Let's say that a Hindu has done a lot of good deeds, and barely any bad deeds after the ages of puberty, has he a chance of attaining paradise? (The hindu in particular has not committed any kufr, but has committed shirk.)
There is tradition in Islam that a quarter of a million prophets were sent to all the peoples of mankind before the final revelation of the Prophet (pbuh).
According to Zamakshari (12th century AD) the Qu'ran bears witness to the transcendental unity of all the revealed religions based upon the belief upon on One God, despite the differences between them 'in statutes and practises enjoined for the benefit of the various communities in accordance with their condition.'
There are, however, many believers within the community of Islam, as in other communities, who appear to derive profound satisfaction from the notion that they alone are on the right track and everyone else is astray. The conviction that theirs is the only true Faith, nourished by the human tendency to exclusiveness, finds support in the fact that the different religions must neccessarily have firm outlines if they are to be clearly to be distinguished.
I might add, this 'tendency to exclusiveness' is reflected also in the way that many men, believe that ideas and words are solely their possession and not to be shared; even when the words themselves, like words must, be shared; and likewise with ideas; this only goes to prove Eaton's argument that man is a possessive and grasping creature.
Given Eaton's argument and my own above, a Hindu, in their own way, may attain Jannat for Allah knows best.
One additional point here that ought to be taken into account is that the term 'Hindu' is a constructed term and not organic to India. For according to Bhimrao Ambedkar, the Dalit lawyer, convert to Buddhism and who helped draw up the constitution of India has said:
The first and foremost thing that must be recognised is that Hindu society is a myth. The name Hindu is itself a foreign name. It was given by the Mohommedans [sic] to the natives living east of the river Indus for the purposes of distinguishing themselves.
As Muslims we can see here directly what he means, since as Muslims we can see that 'Mohommedans' itself is not a native term to Islam. We call ourselves Muslims and not Mohommedans. The latter term was constructed by Christians modelled on how they named their own religion after its founder. Likewise, too, with Hindu and Hinduism ...
Finally, there is Gil Eaton says in his book, Islam and the Destiny of Man:
According to the great mujahid, the Emir Abdu'l-Qadir, 'our God and the God of all the communities opposed to ours are in truth One God ... despite the variety of His Manifestations ... He has manifested Himself to Muhammed's people beyond every form whilst manifesting himself in every form ... To Christians He has manifested Himself in the form of Christ ... and to the worshippers of whatever form it may be ... in the very form of this thing; for no worshipper of a finite object worships it for its own sake.

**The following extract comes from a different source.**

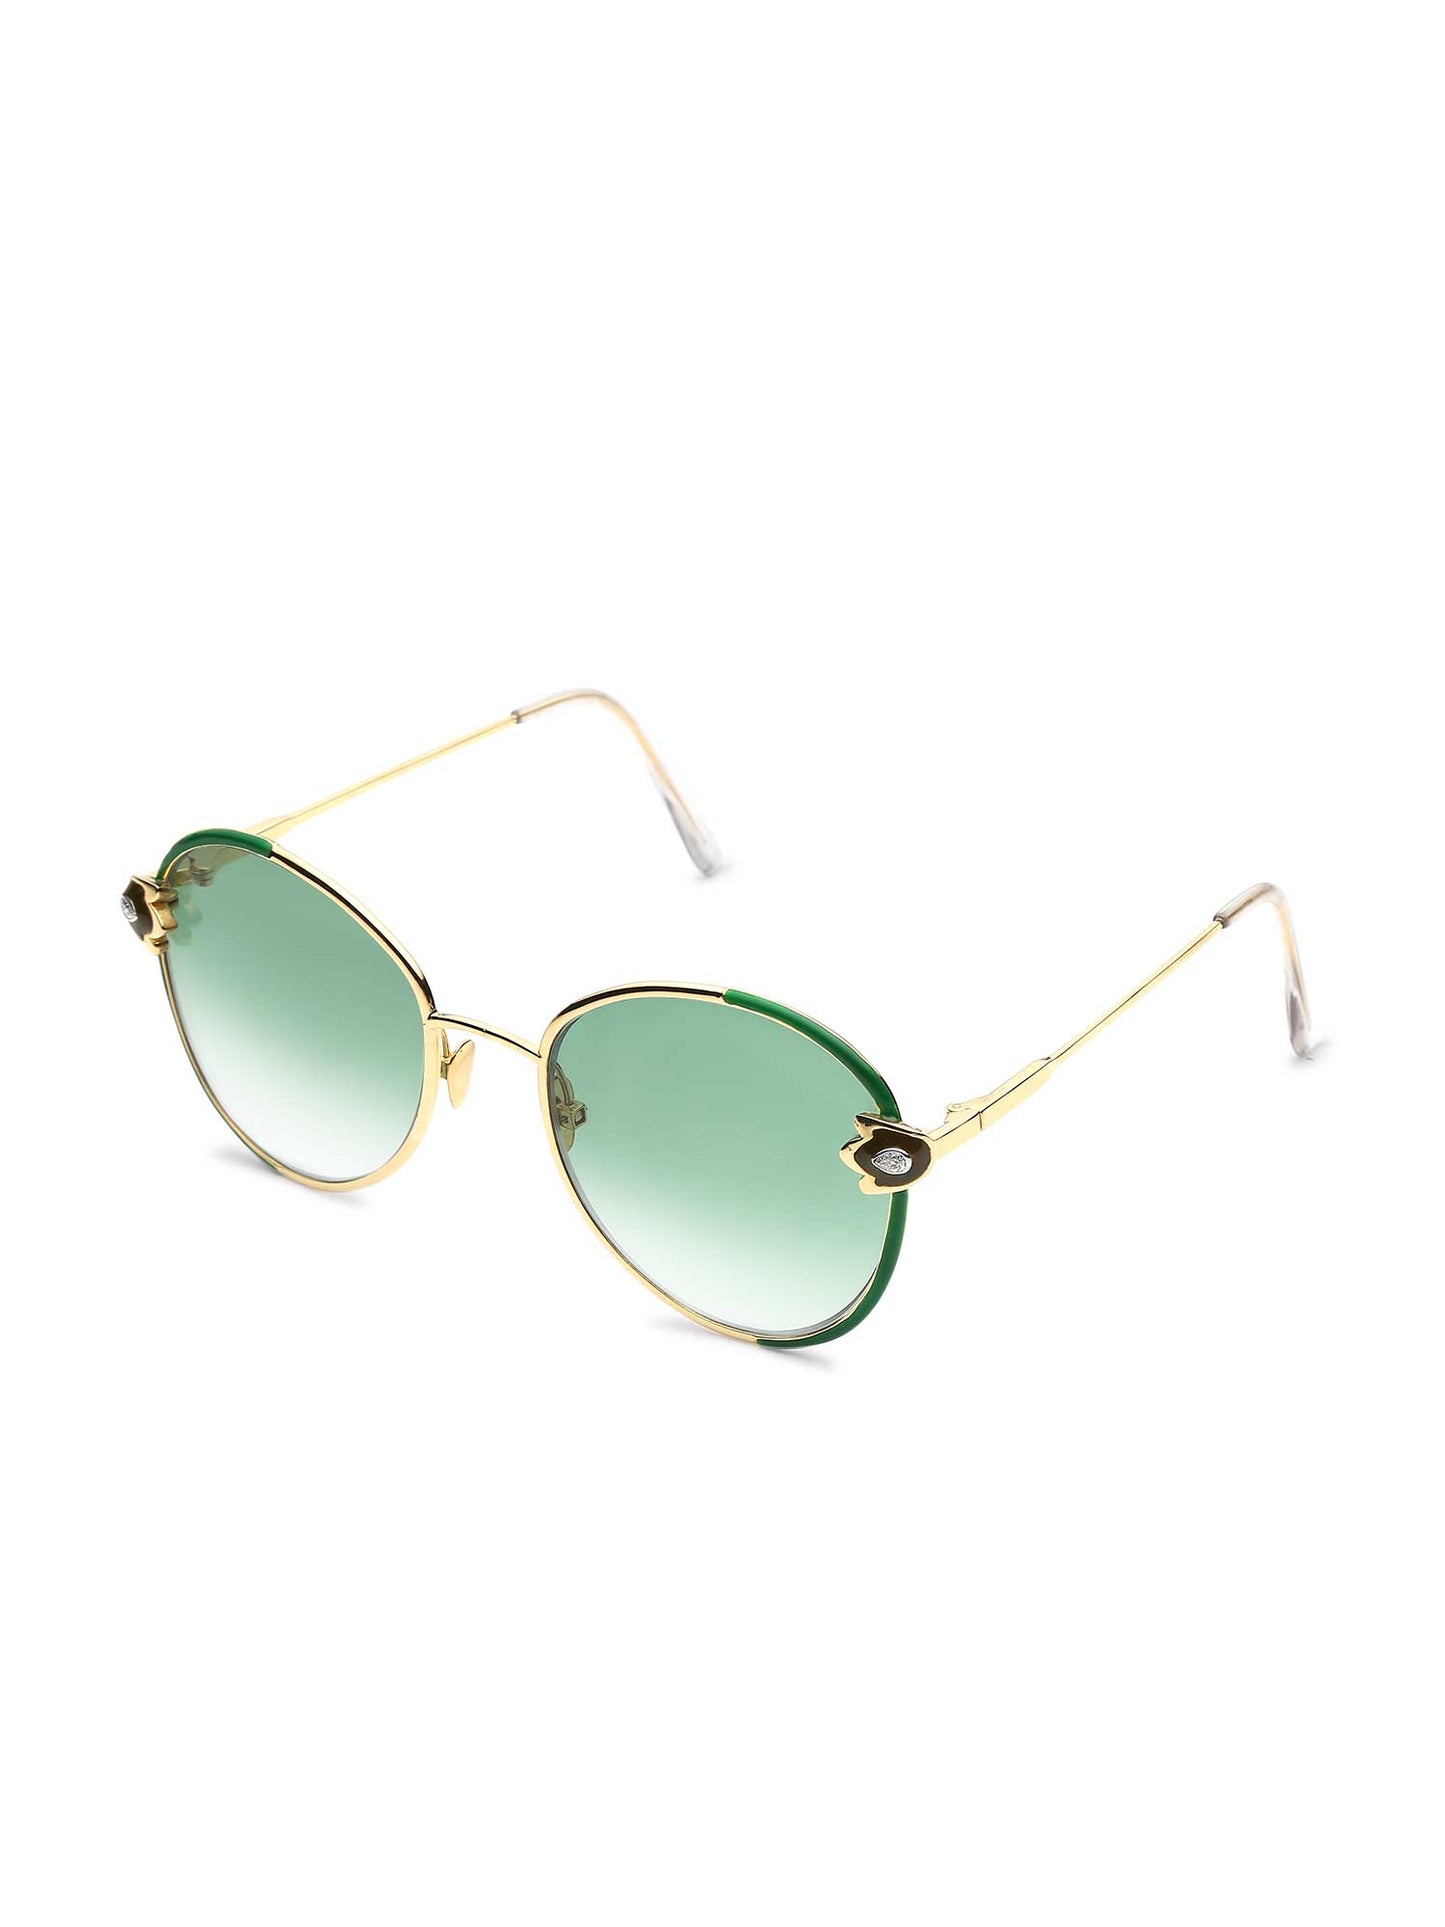 Green Gold Sunglasses

What he worships is the epiphany in this form of the attributes of the true God ... Yet that which all the worshippers worship is one and the same. Their error consists only in the act of determining it in a limitative manner.
He quotes this from Mawqif 236 in the Mawaqif of Abdu'l Qadir (tr. by Chodkiewicz and published by Editions du Seuil, Paris, 1982). He goes on to say:
Abdu'l Qadir fought the Christians who invaded his land, Algeria because he was a Muslim. Exiled to Damascus, he protected the Christians against massacre by taking them into his own home because he understood. Those who would challenge him or accuse him of heresy should be prepared to face his sword and accept death from its blade since small men risk their necks when they challenge great ones.